EXERCISE DESCRIPTION:
For this exercise, output the entries below exactly from the line that holds "CARAMEL AU SUCRE" to the line that holds "Chanel Coco Noir", both ends included. No pictures belong in the copy.

EXCERPTED RECORDS:
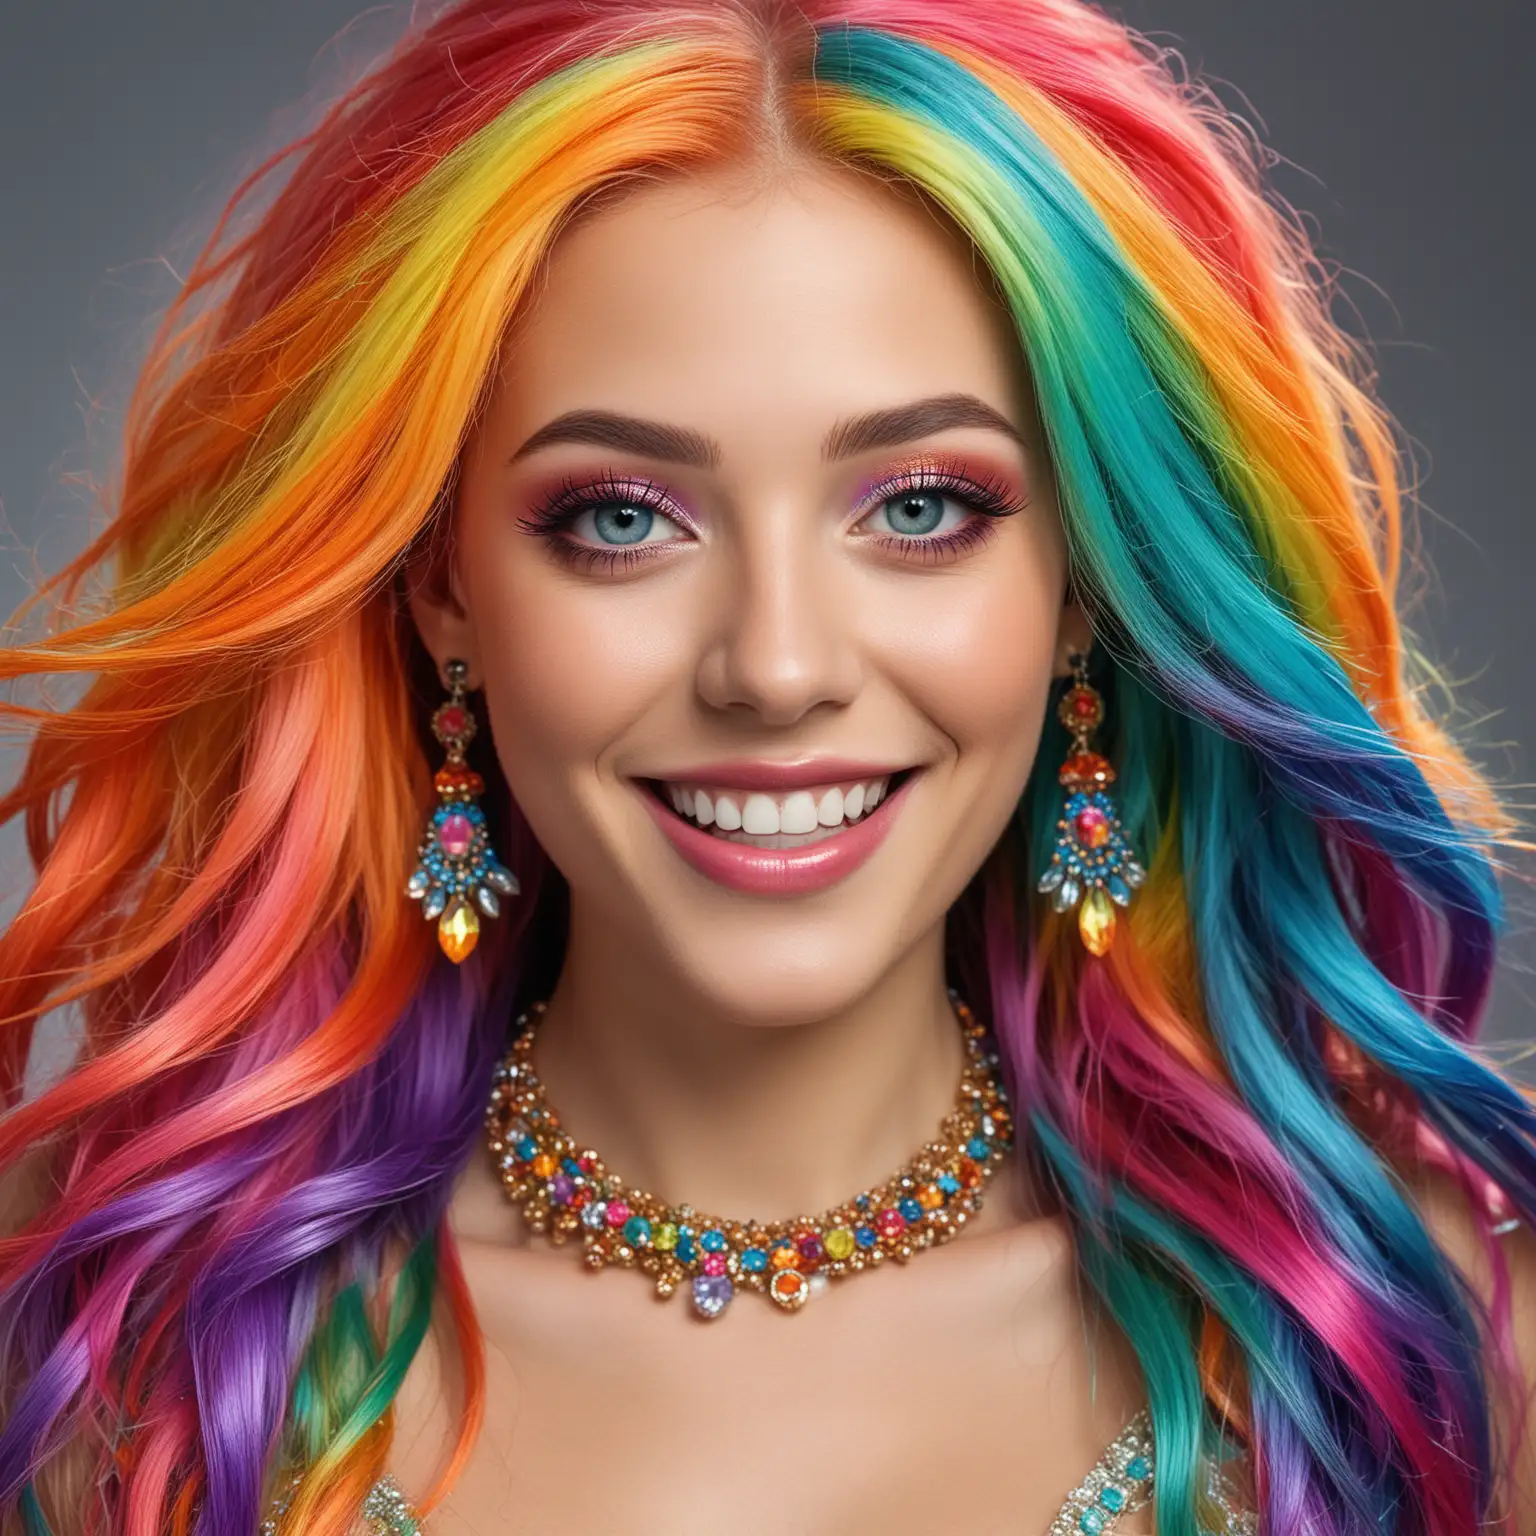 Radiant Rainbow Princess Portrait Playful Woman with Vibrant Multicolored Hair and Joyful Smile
---
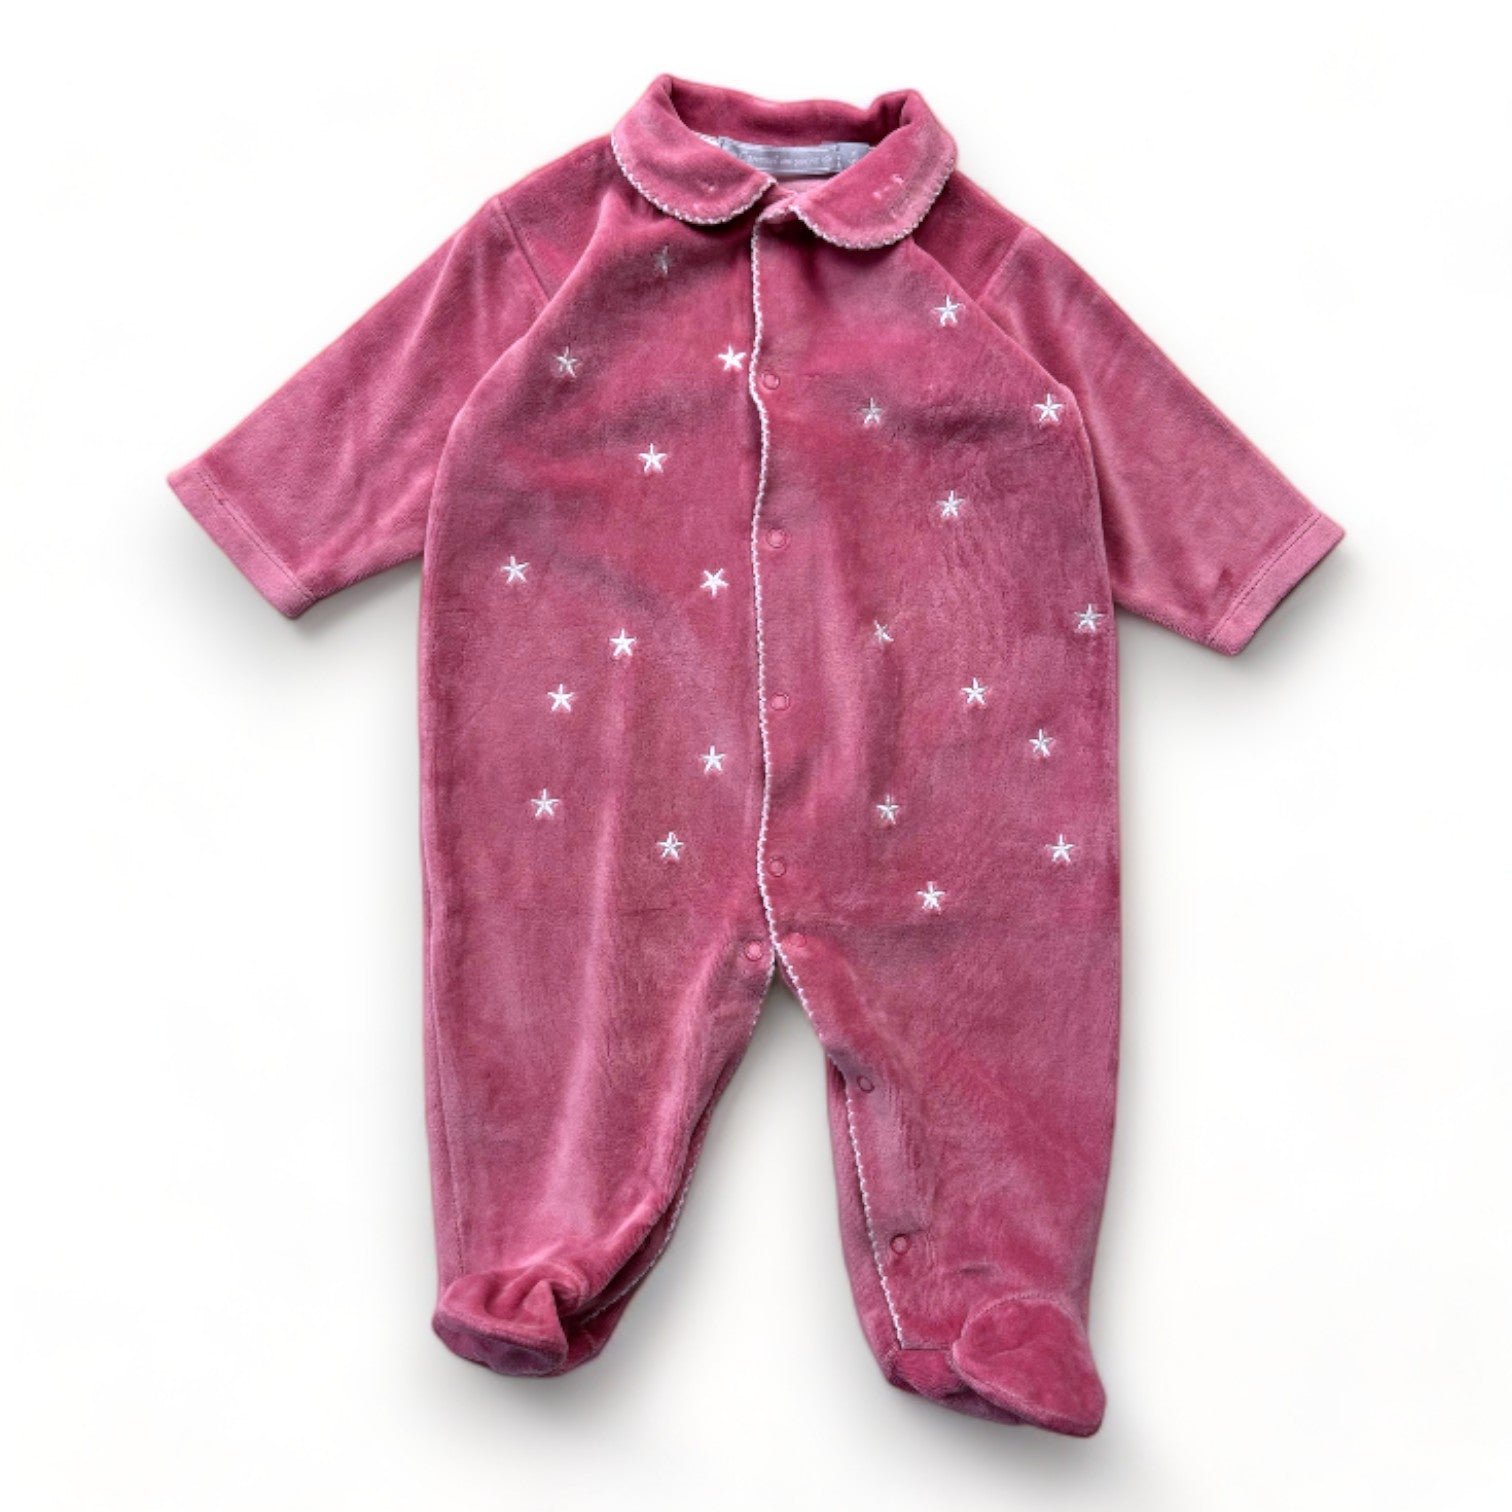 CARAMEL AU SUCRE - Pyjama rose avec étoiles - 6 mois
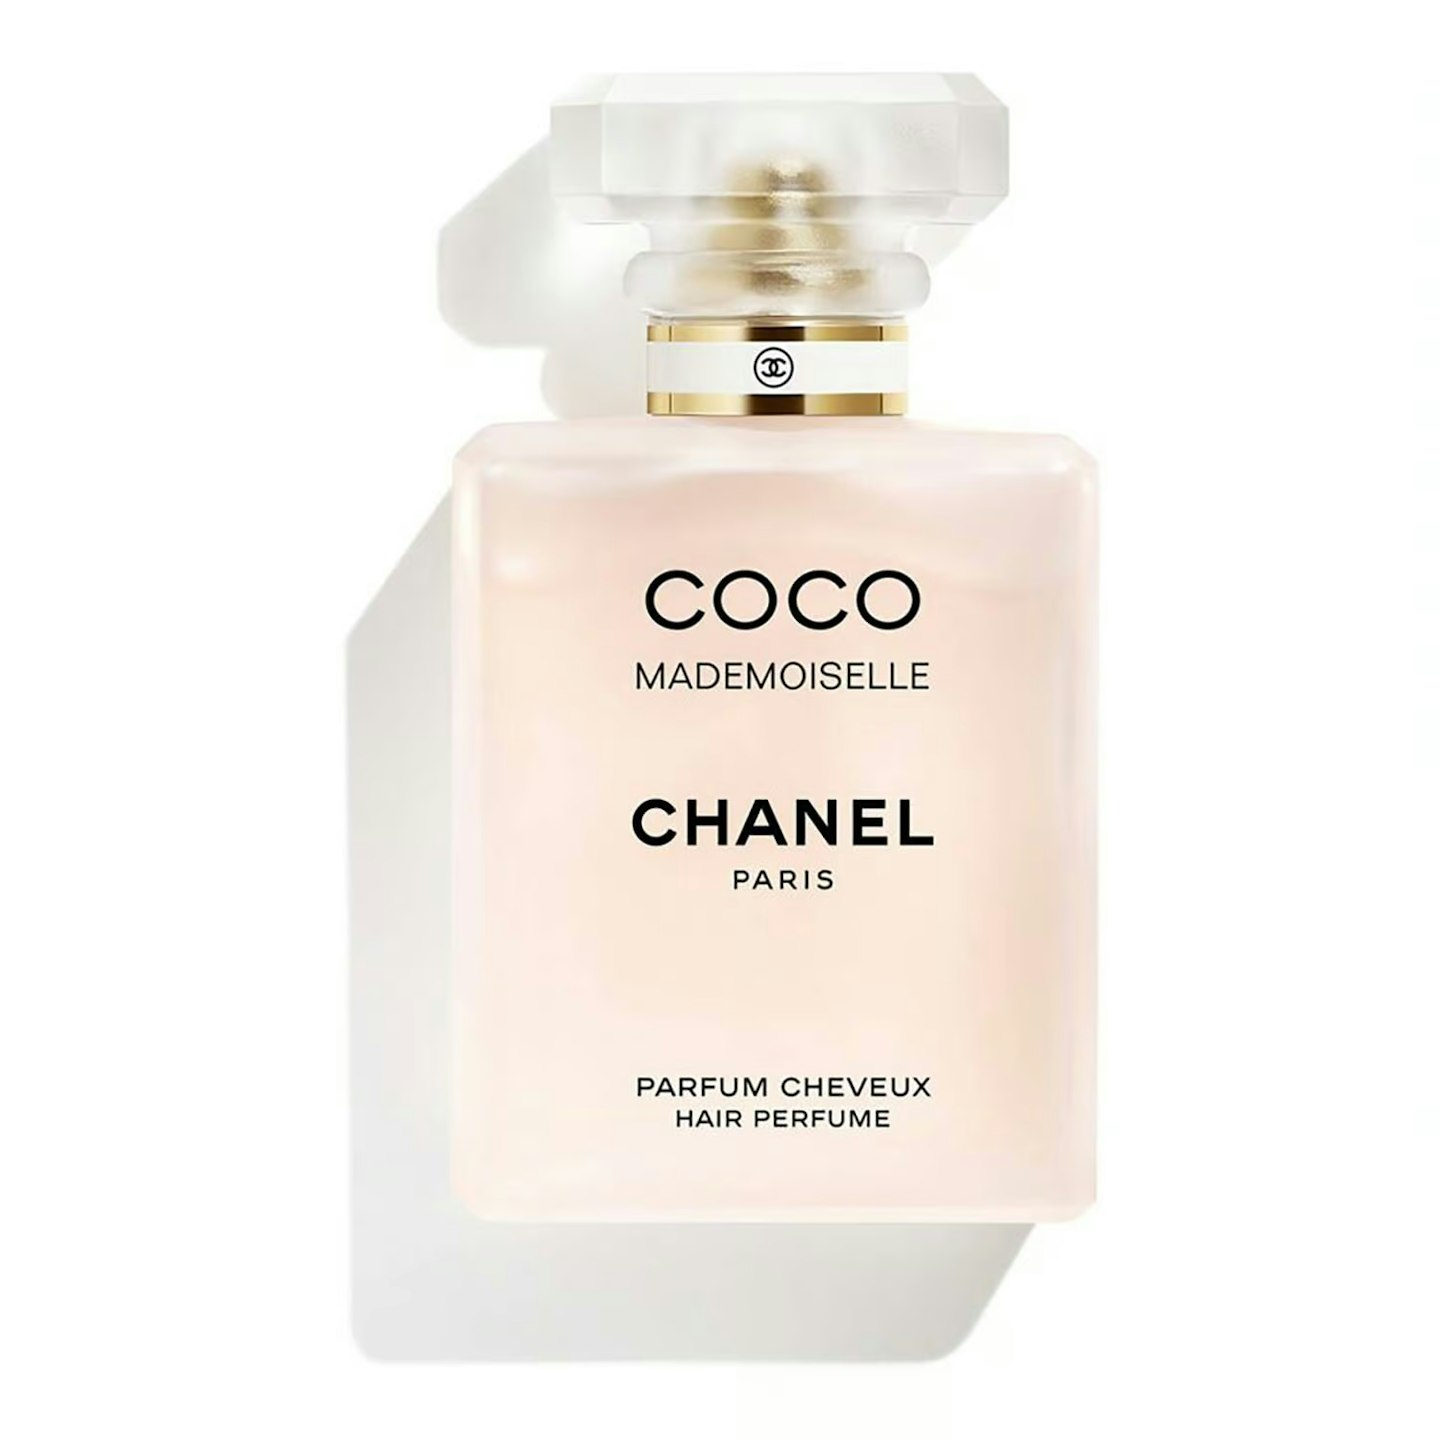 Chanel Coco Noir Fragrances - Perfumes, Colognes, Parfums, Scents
==
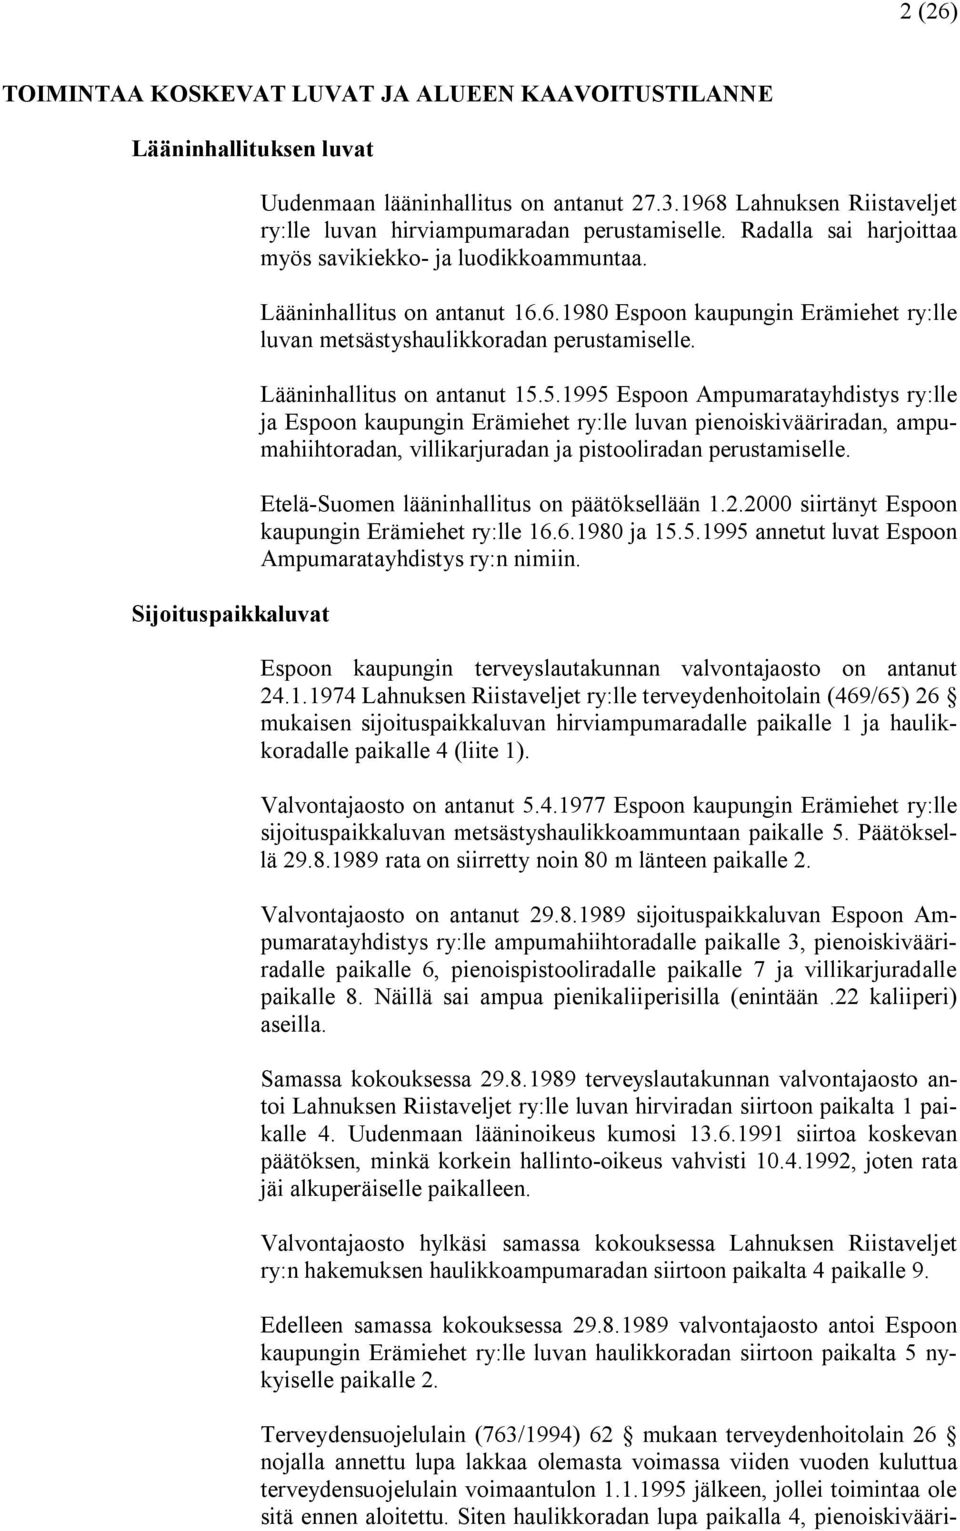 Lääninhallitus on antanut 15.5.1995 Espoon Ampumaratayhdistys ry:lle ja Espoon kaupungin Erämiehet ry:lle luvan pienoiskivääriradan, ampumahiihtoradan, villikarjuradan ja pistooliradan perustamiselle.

PROBLEM SOLUTION:
 CARAMEL AU SUCRE - Pyjama rose avec étoiles - 6 mois
 Chanel Coco Noir Fragrances - Perfumes, Colognes, Parfums, Scents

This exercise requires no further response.